Итак, в далеком, далеком лесу, кишащем всевозможной живностью, верховный правитель объявил запрет на поедание травоядных – в связи с резким уменьшением их популяции, обусловленным охотой хищников, не только для утоления голода, но и забавы ради. Вот в это-то самое время и произошел столь беспрецедентный случай: медведь, перебрав с приспешниками забродившего меда, так разошелся в восхвалении себя любимого, усиленном, помимо прочего, и лизоблюдством тусившего с ним зверья, что невзначай задрал косулю.
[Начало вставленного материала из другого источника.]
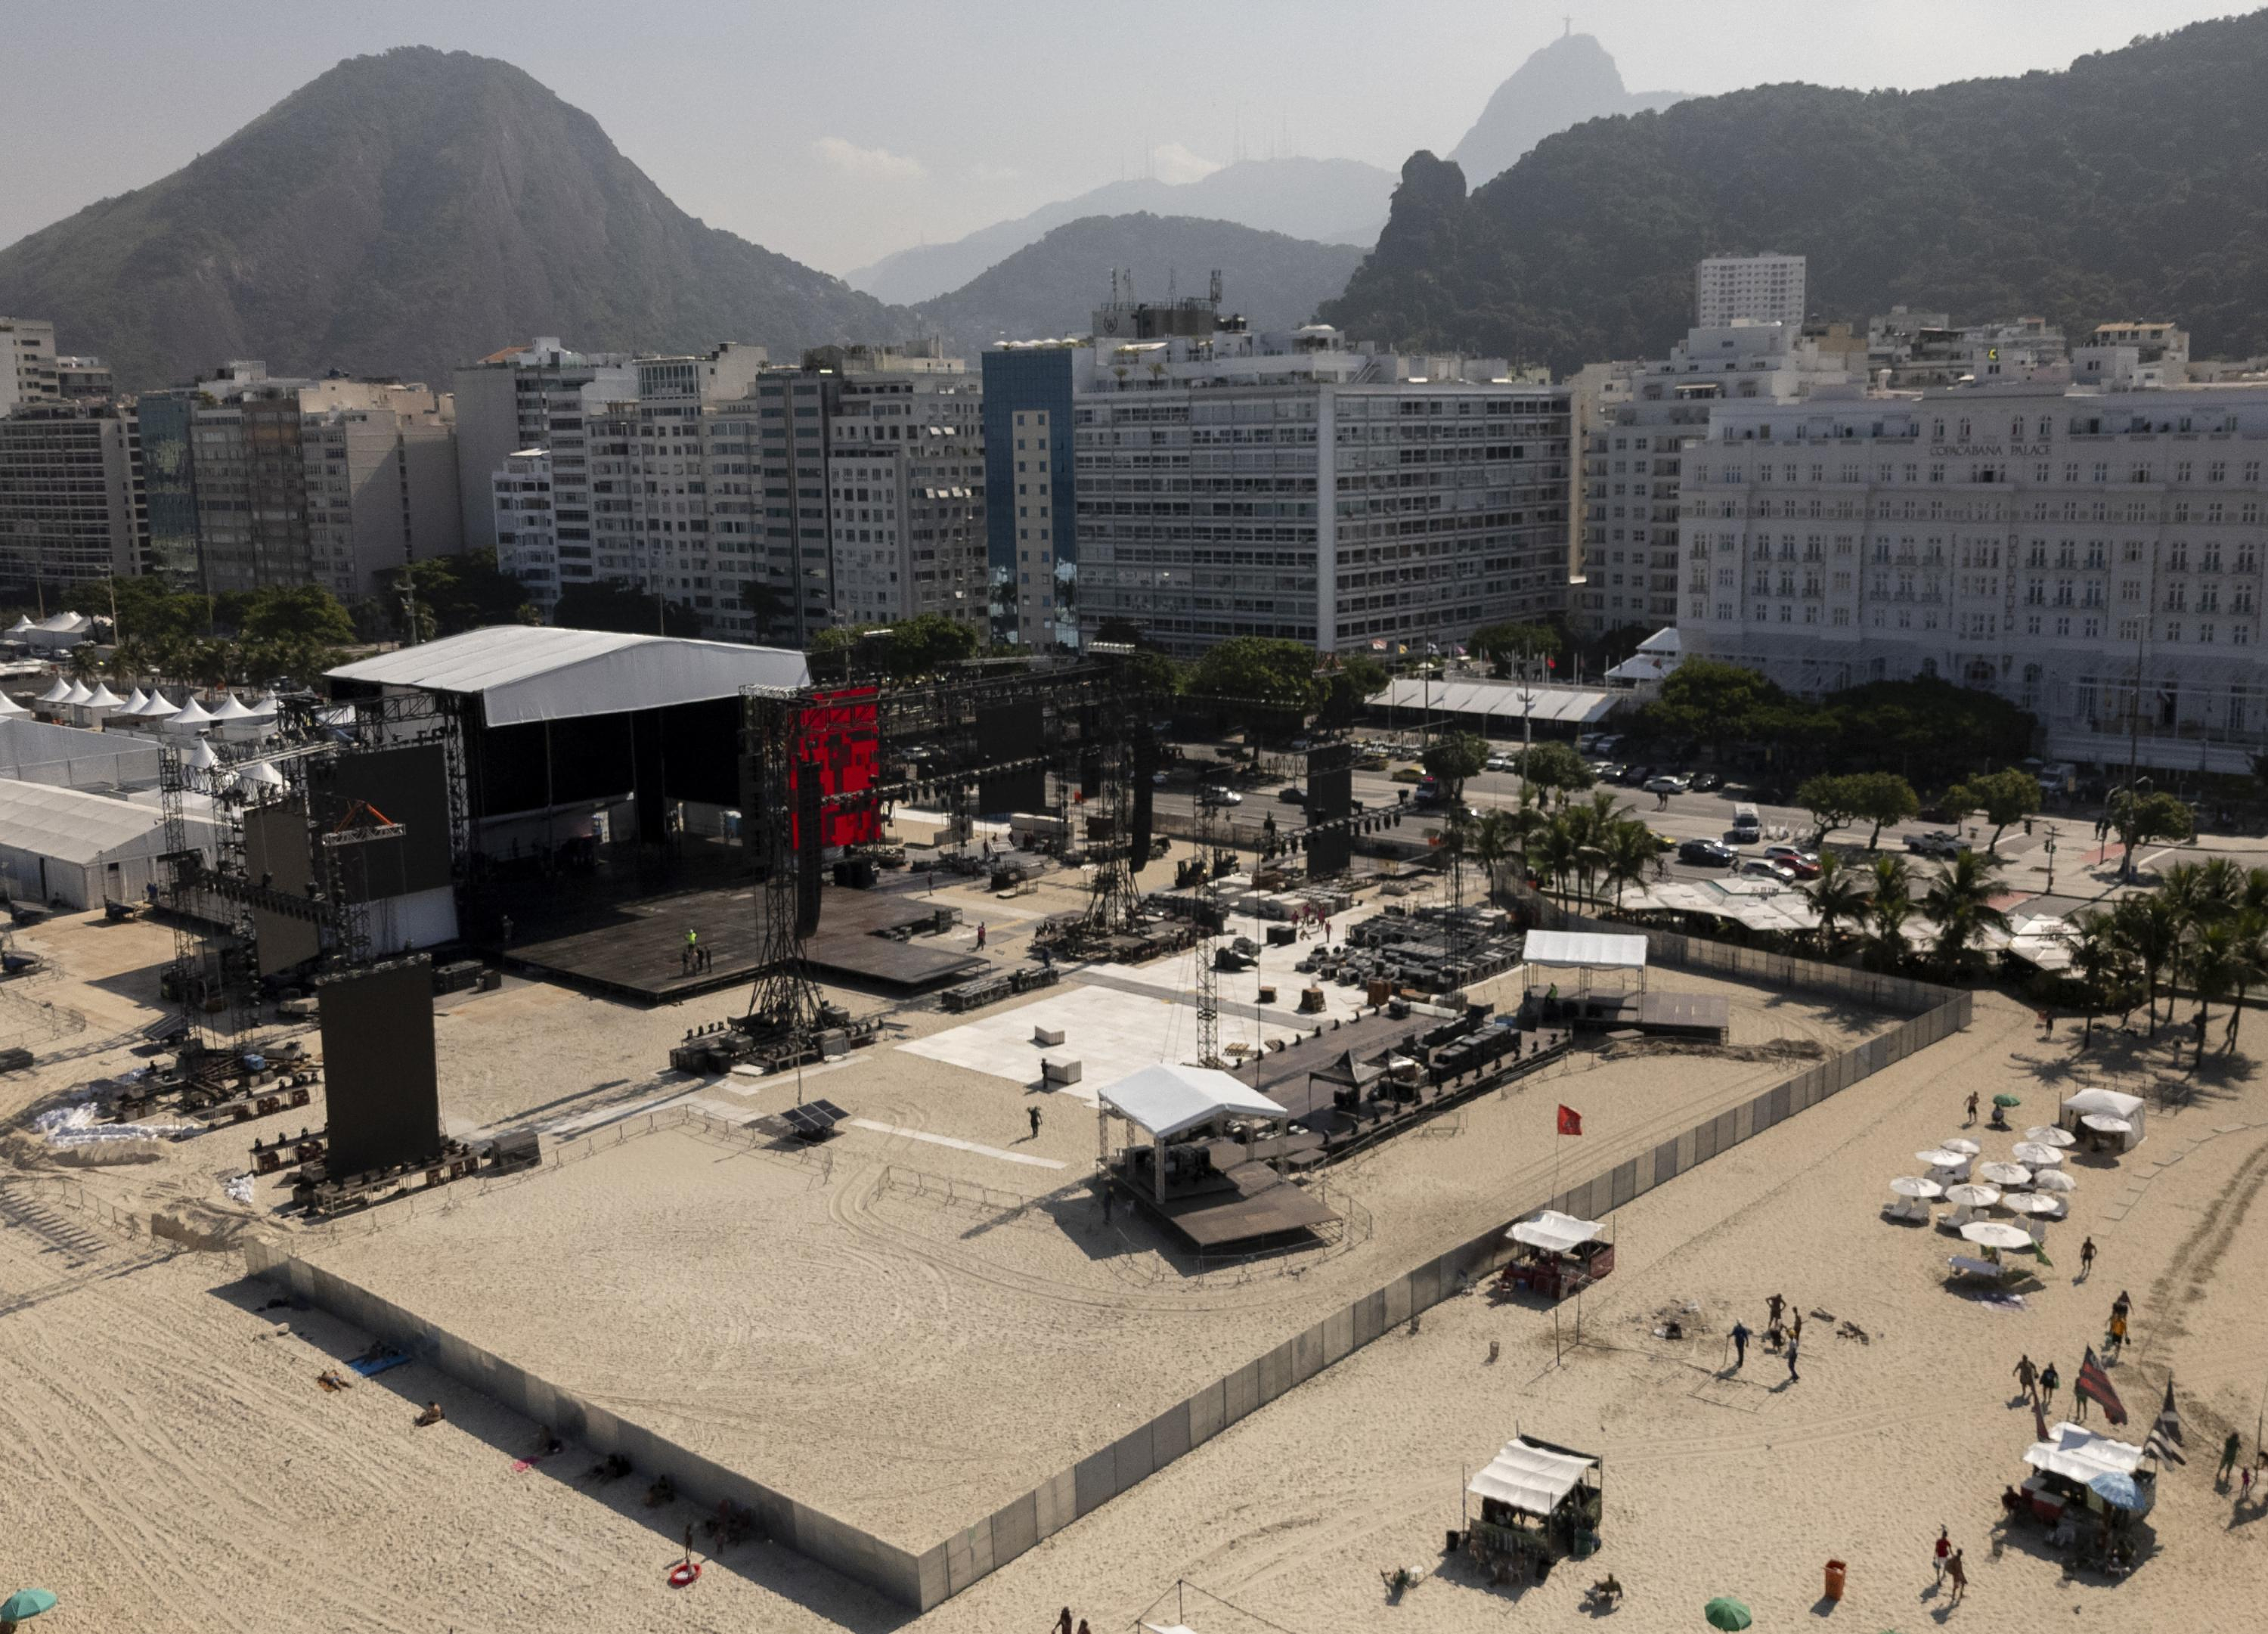 Madonna ends her world tour with a giant - and free - concert in Copacabana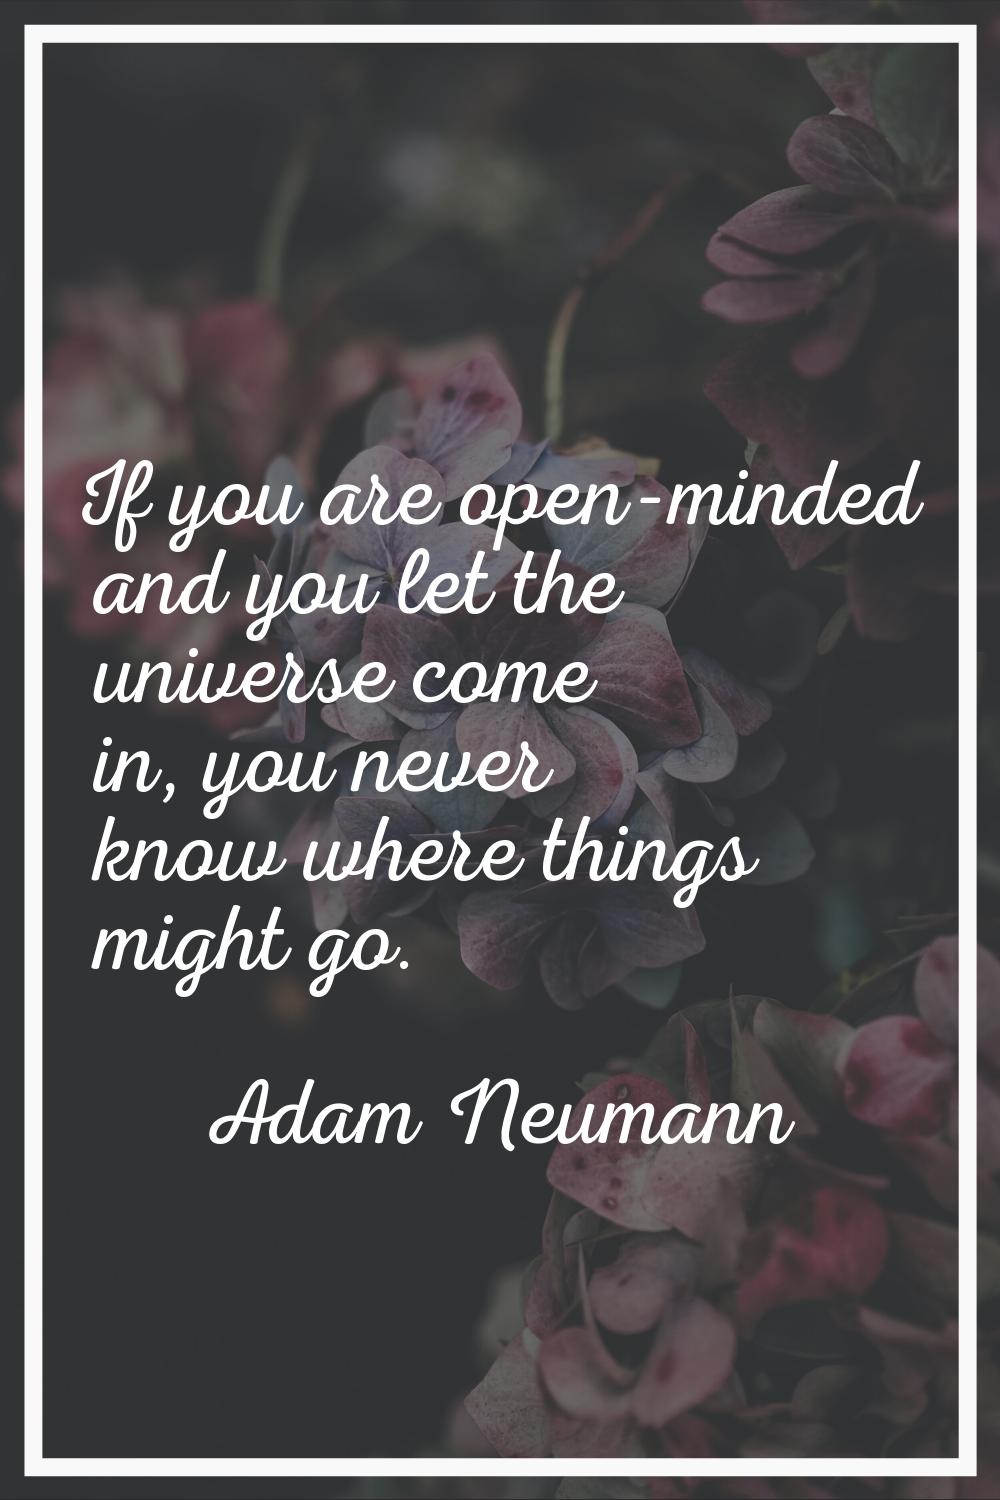 If you are open-minded and you let the universe come in, you never know where things might go.

И все бы ничего, да инцидент этот произошел на глазах у других травоядных. Последние, осознав нависшую над ними опасность, бросились в разные стороны. Гулявшее же сообщество, будучи навеселе, потеряло проворность и даже не пыталось изловить беглецов. Но на утро по лесу прошел слушок: медведь, мол, нарушил собственный запрет, и таки задрал косулю. Возмущенное зверье стало собираться на большой опушке тридесятого леса.

Медведь проснулся от того, что его кто-то усиленно тряс. Изловчившись и ухватив наглеца за загривок, косолапый уже собирался выпустить когти, но жалобный льстивый голосок взмолился:

– О, косолапейший из косолапых! О, лохматейший из лохматых! Смилуйся, не ешь своего преданного слугу, – подобострастно выпалил шакал.

– Ты почто, скотина, тревожишь мой сон?

– Произошло непредвиденное: вы-с вчера-сь, переевши меду, соизволили собственнолапно задрать косулю на глазах у других травоядных.

– Ну, задрал – да и задрал. Что, у нас косуль мало в лесу бродит? Есть их еще у нас.

– Да все-то оно так… Но зверье, видевшее происшествие, разнесло сплетню по лесу сородичам своим, и они собираются на совет, чтобы требовать твоей замены на посту властителя.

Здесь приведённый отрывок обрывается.